As The Wall Street Journal put it:  "Like other regional banks, North Fork has been grappling with a flat or inverted yield curve, resulting in narrower difference between long-term and short-term interest rates. That creates a difficult situation for the banking business, which borrows money at short-term rates and lends it at long-term rates -- typically making a profit on the spread between the two."  And as John Kanas, North Fork's CEO, said:  "In the current economic environment, it is hard to imagine that yield curve will improve any time soon."  In other words, regional banks' basic economic model is broken.

But in the hands of Capital One, North Fork's deposit assets can be lent out not at low long-term mortgage rates but at high credit-card interest rates—and Capital One gets to pay lower interest for those assets than if it had to go to the potentially volatile commercial paper or corporate debt markets.
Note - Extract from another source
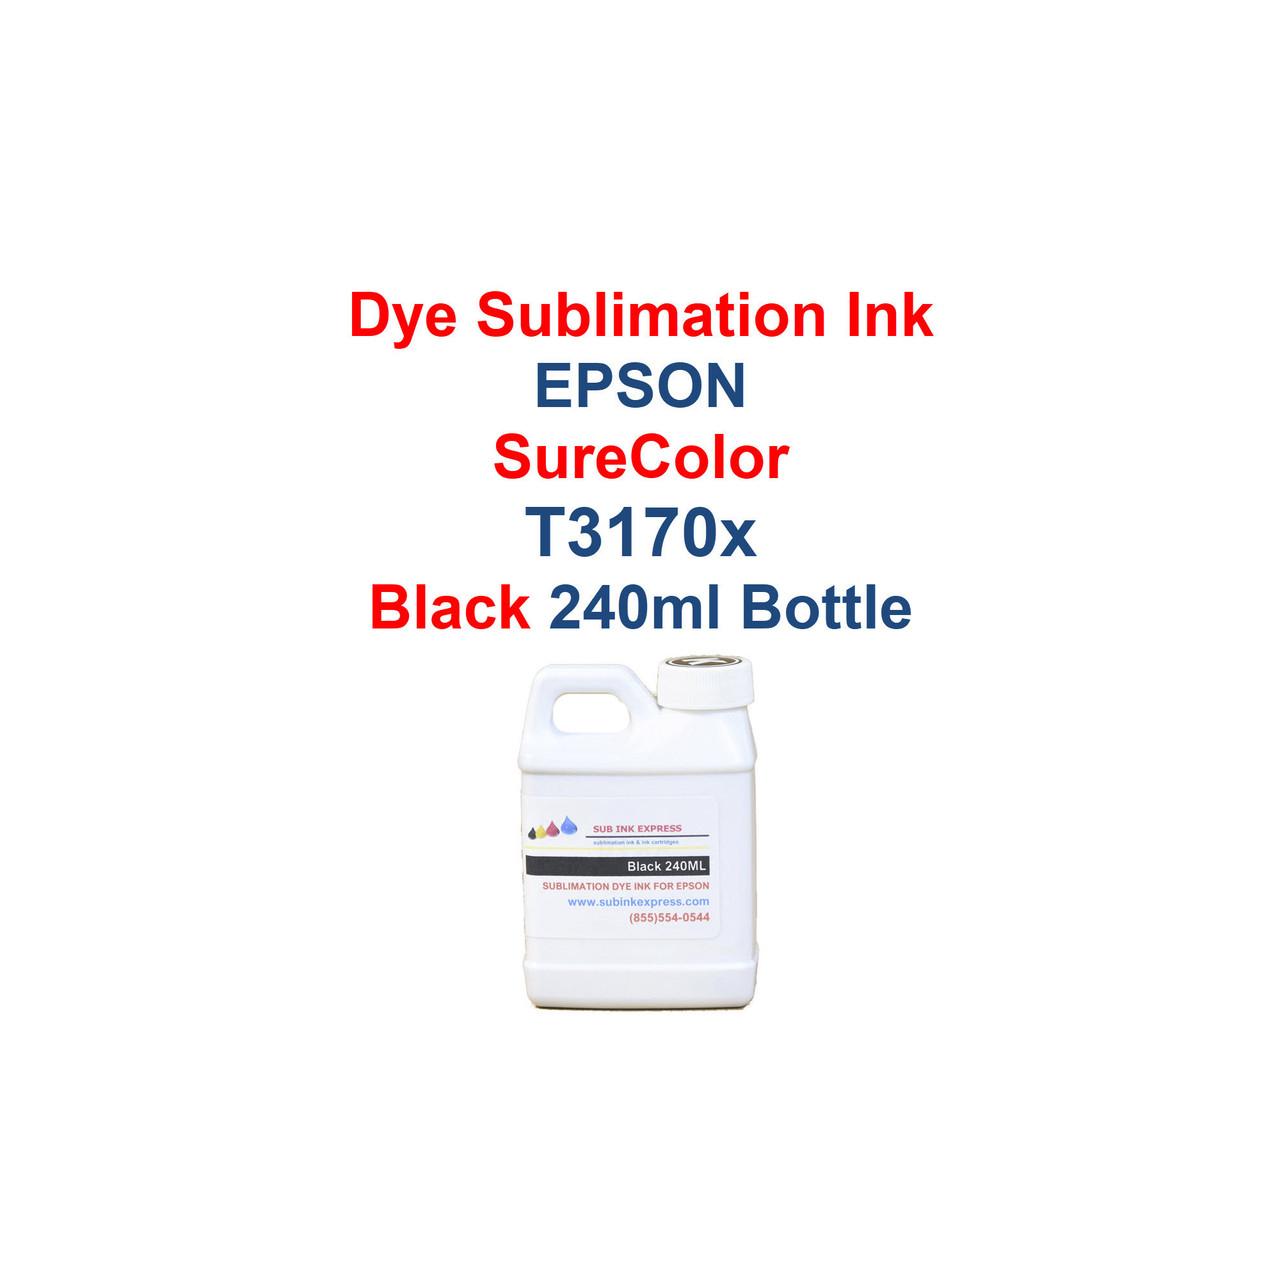 Dye Sublimation ink 4- 240ml bottles for Epson SureColor T3170x printers
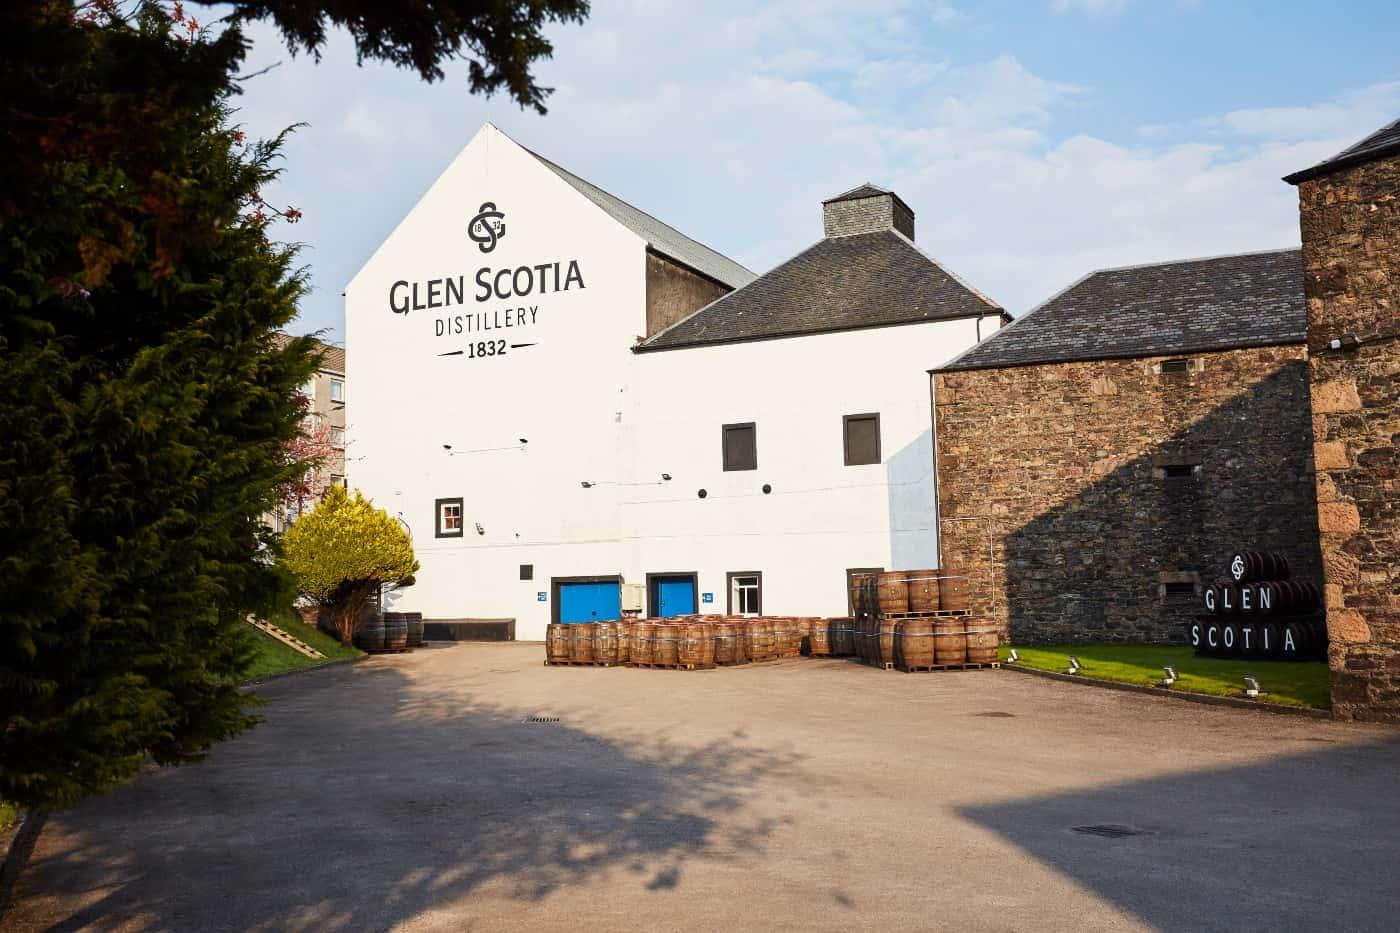 glen scotia distillery exterior 2

Back to the analogy for law-firm-land: 

  • The Magic Circle, the New York "bulge bracket" firms, and the US' other emerging international powerhouses (Baker & McKenzie, Jones Day, Latham, White & Case, et al.) will have global footprints and scalable teams to serve their corporate peers.
  • The Boies-Schiller's and Quinn-Emanuel's of the world will serve their niche, boutique markets.  And:
  • The future of regional, mid-size, full-service firms does not seem bright; it's unclear what their natural client base is.

In other words, if you're A Player, why go to North Fork when you could go to BofA.  Likewise, if you're seeking truly personalized, one-on-one counsel, why go to North Fork when you can go to JP Morgan Private Banking.  Even if you're in the middle—say, you or me—why go to North Fork when next week you might be in California or London and wouldn't mind the familiar, fee-free, Citigroup ATM logo on every other corner?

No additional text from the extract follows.